Propos recueillis par Chris

Tang album "And still no sunrise"

 Ce spécimen rare de lépidoptère méritait bien que l’on lui consacre un bel article. C’est aussi l’occasion de vous présenter les quatre nouveautés du label sorties cet été.

TANG « and still no sunrise » Un nouvel album de Tang sort sur le label de Greg. Je suis déjà surpris d’apprendre que ce groupe de Lille existe toujours. Le son est plus puissant qu’il y a 15 ans… Je dois rebrancher la platine CD car je n’écoute plus ce support depuis longtemps. C’est tout juste s’il ne faut pas sortir le fer à souder. Du coup, je vais réécouter leur premier album. Je me souviens maintenant de ces chansons d’emo core très mélancoliques et lugubres qui pouvaient rappeler les Allemands de Yage. A l’époque, j’adorais ! Le line-up est presque identique et le style n’a pas énormément évolué. Le son est plus puissant et la musique est devenue un peu plus violente, mais c’est beaucoup moins triste dans les mélodies. Si Tang était une plante sauvage, ce serait peut-être la Morelle noire. Cette mauvaise plante de la famille de la pomme de terre, que j’arrache souvent entre les pieds des patates. Elle aurait des vertus qui soulagent la douleur. Les sorcières utilisaient aussi les fruits très toxiques pour rencontrer le diable.

 

RARE ANIMALS « Arc » est une autre nouveauté du label. Ce sont de vieux amours de Greg puisque l’on retrouve dans ce groupe américain le chanteur et guitariste Bryce Martin. Il jouait également dans Die Princess Die. Les versions européennes des albums de ce groupe noise déjantée étaient sorties sur Uproar For Veneration en 2008 dans un super digipack. Avec Rare Animals c’est beaucoup plus mélodieux et planant. Les ambiances sont fantomatiques et angoissantes grâce notamment au chant lointain plein de reverbe, de chorus et autres distorsions. Et cette guitare affolante et terrifiante qui semble flotter dangereusement autour de vous avec des accords magnifiques, vous glace le sang. Rare Animals est certainement à classer dans l’ordre des hyménoptères. C’est une horde de frelons asiatiques vrombissants qui se précipite sur des mouches butineuses et d’un geste précis et rapide, leur coupe la tête.

Rare Animals "Arc"
Eastern Trade album "Tell the universe"

EASTERN TRADE « Tell the universe » Ce duo Lillois propose un premier album 7 titres. Le chant est vraiment bien et me fait penser un peu à celle d’Eddie Vedder du groupe Pearl Jam. Les structures des chansons qui tournent permettent au chant de prendre beaucoup de liberté. Le chant part dans pas mal de direction et les mélodies sont souvent inattendues. A la fin, cela donne un style plutôt original. Une jolie découverte comme la vue d’un très beau coléoptère devenu rare !

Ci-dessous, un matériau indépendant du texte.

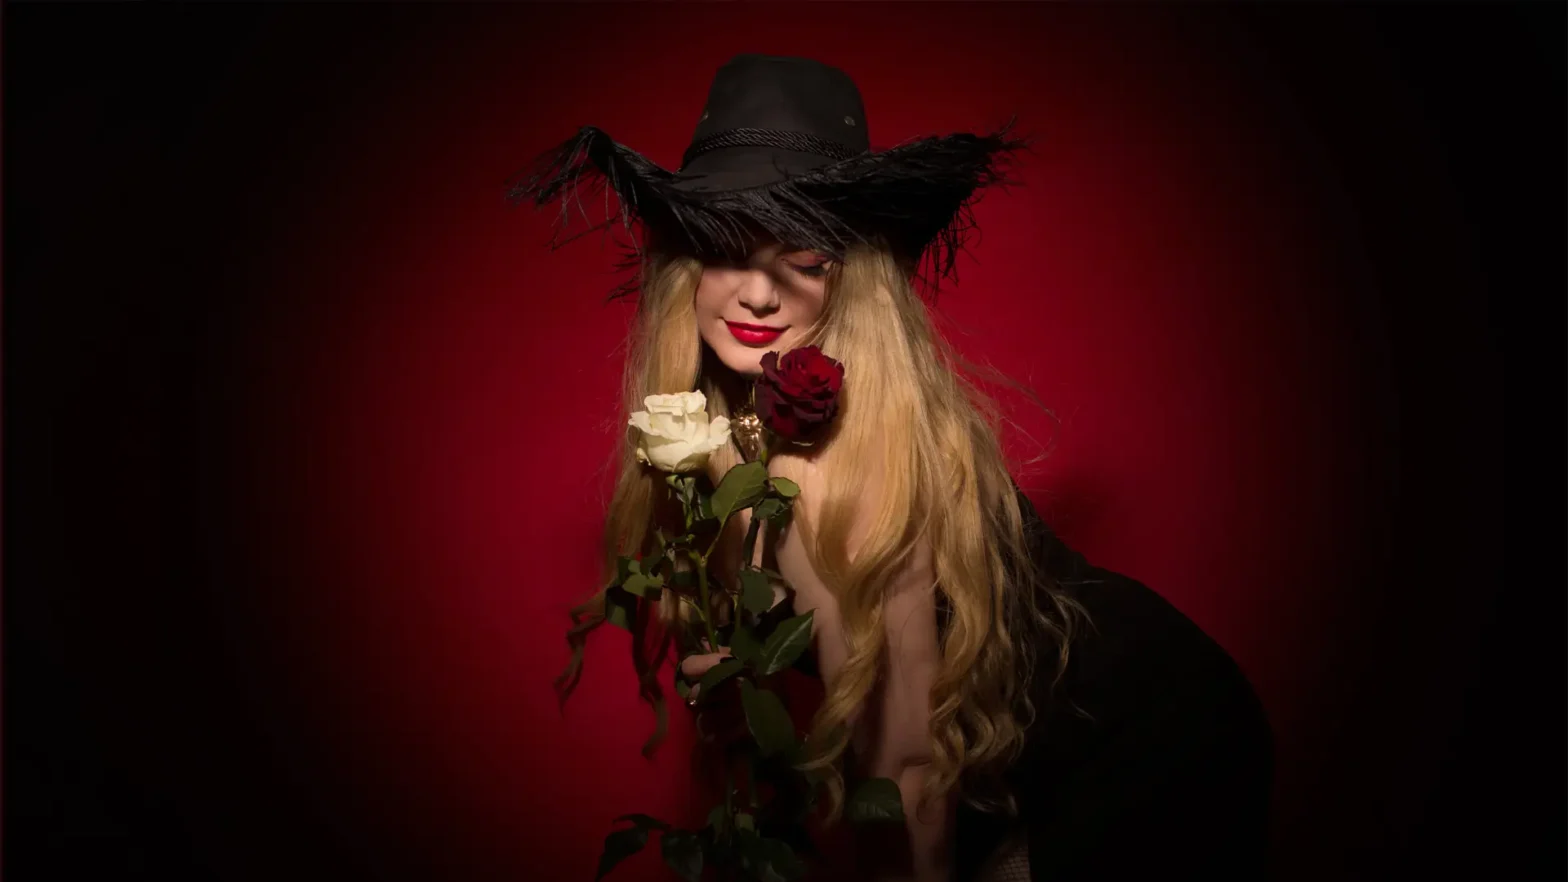 Na zdjęciu blond włosa kobieta. Na głowie ma czarny kapelusz, w ręku trzyma dwie róże. Jedna jest koloru białego, a druga czerwonego. Kobieta ma usta pomalowane czerwoną szminką i spuszczony wzrok w dół. Tło zdjęcia jest czerwone i delikatnie wyciemnione.

BIG BERNIE « Yersey » Ce groupe de Dunkerque offre un rock progressif plutôt trituré. Au début, c’est très calme. On navigue tranquillement sur des ambiances océanes, le ciel est bleu, les oiseaux chantent. Et alors, arrive la tempête. Tout se déchaîne et Yersey vous retourne le cerveau. On peut parler de math rock, car les compos deviennent très techniques. Et puis tout redevient calme et reposant comme une mer apaisée. Personne ne chante dans ce groupe, mais sur scène le trio propose des projections vidéo qui doivent vous faire voyager et vous faire entrer plus facilement dans le monde abyssal et étrange de BIG BERNIE. Pas de doute, il faut plonger profondément pour apercevoir la bête !

 

Big Bernie album "Yersey"

[hupso]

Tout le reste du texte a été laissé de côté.